When Inquisitor Silas Hoth heard of a Tau enclave surrounded by two imperial guard regiments he jumped on the oportunity to capture a possible Ethereal leading the enclave.

When the Arc-Angel strike cruiser "Ravens claw" entered the system It grouped with the other imperial ships to organize a plan of attack. A summit was held aboard the "Ravens claw" where 1st battle Captain Ernesto Pulvaria organized an attack plan. From there current position the Tau were surrounded on all fronts, holding there sept city with a well dug in defence. Pulvaria would have the imperial reserves push on all fronts to draw the Tau defences thin across theres defences then land two thunderhawk gunships into the centre of the city where two tactical squads of marines would disembark and clear the courtyard with the help of Ancient Morozev via drop pod insertion. The Marines would hold a perimetere and plant a teleporting homer onto the Tau headquarters so the Clibanarii Terminators along with Captain Pulvaria and Chaplain Cortswaine could teleport in and snatch the Ethereal and be out before the defenders could pull back to the command HQ to render assistance.
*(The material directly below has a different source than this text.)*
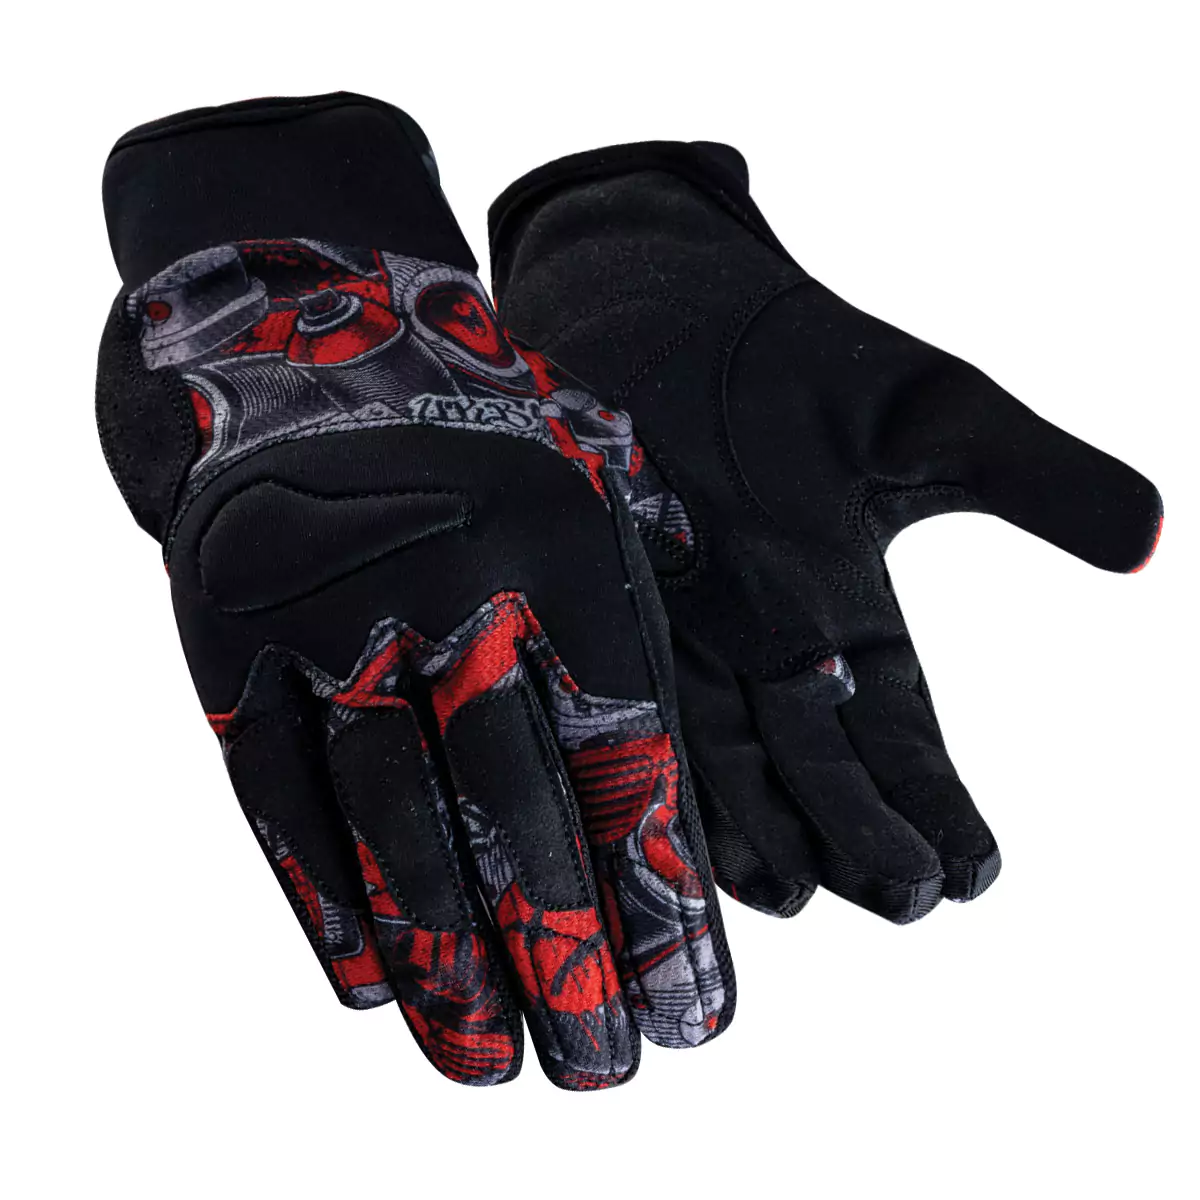 Pair of leather cycling gloves designed for comfort and grip during rides.

The battle began at 0300 hours terran time, early dawn to the defenders. The guard regiments pounded the city with an orbital bombardment for thirty minutes to soften them up, then sent armour columns followed by trops to smother the Tau defence lines. The Tau held fiercely, but in the cover of the night the two thunderhawk gunships swooped in and bombarded the main courtyard of the Ethereals capital building. The tactical squads fanned out and completed their objectives with ease, an auspex sweep revealed fire warriors closing down on the perimeter, but they ended up softening the landing of ancient Morozev, who took up a defencive position with the marines.

Captain Pulvaria expected the Tau to have some sort of honour guard to protect an Ethereal but what he did not expect was a full compliment of battlesuits protecting the Tau leader. The Clibanarii fought like caged animals led by the then vet.sergeant Vazilli Kultzer, they cut a path throught the battle suits towards the Ethereal, but became pinned down from overwhelming fire. One of the Clibanarii had fallen and his armoured body teleported back to the "Raven's claw", Captain Pulvaria ordered 1st sergeant Mason Rockwell's squad to lend support to the terminators inside and ordered a thuderhawk to do flyby gunruns onto the Tau closing in on there position.
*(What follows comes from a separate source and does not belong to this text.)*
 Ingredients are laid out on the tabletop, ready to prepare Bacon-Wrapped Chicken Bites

Sergeant Rockwell fought his way to the pinned down terminators, loosing two men in the process but arrived in time for the centre push. Spear headed by Captain Pulvaria The attackers pushed up the centre of the defenders, unleashing all there fury. Sergeant Kultzer ripped seven battlesuit pilots out of there cockpits with his powerfist, while Chaplain Cortswaine screamed the litanies of hate of the Xenos at the defenders. After no more then thirty minutes of fighting Sergeant Kultzer broke throught the suits and reached the Ethereal, Captain Pulvaria close behind was struck down by the vile Tau commander Th'saul in single combat, the Clibanarii pushed up and snatched the Ethereal, teleporting back to the "Ravens claw", while sergeant Rockwell retreated back to the Thunderhawks waiting for there extraction. The thunderhawks closed in but one was shot down into the city by Tau forces. Sergeant Rockwell evacuated his wounded men and organised a fourteen man marine squad along with ancient Morozev to locate the downed thunderhawk and rescue its crew. 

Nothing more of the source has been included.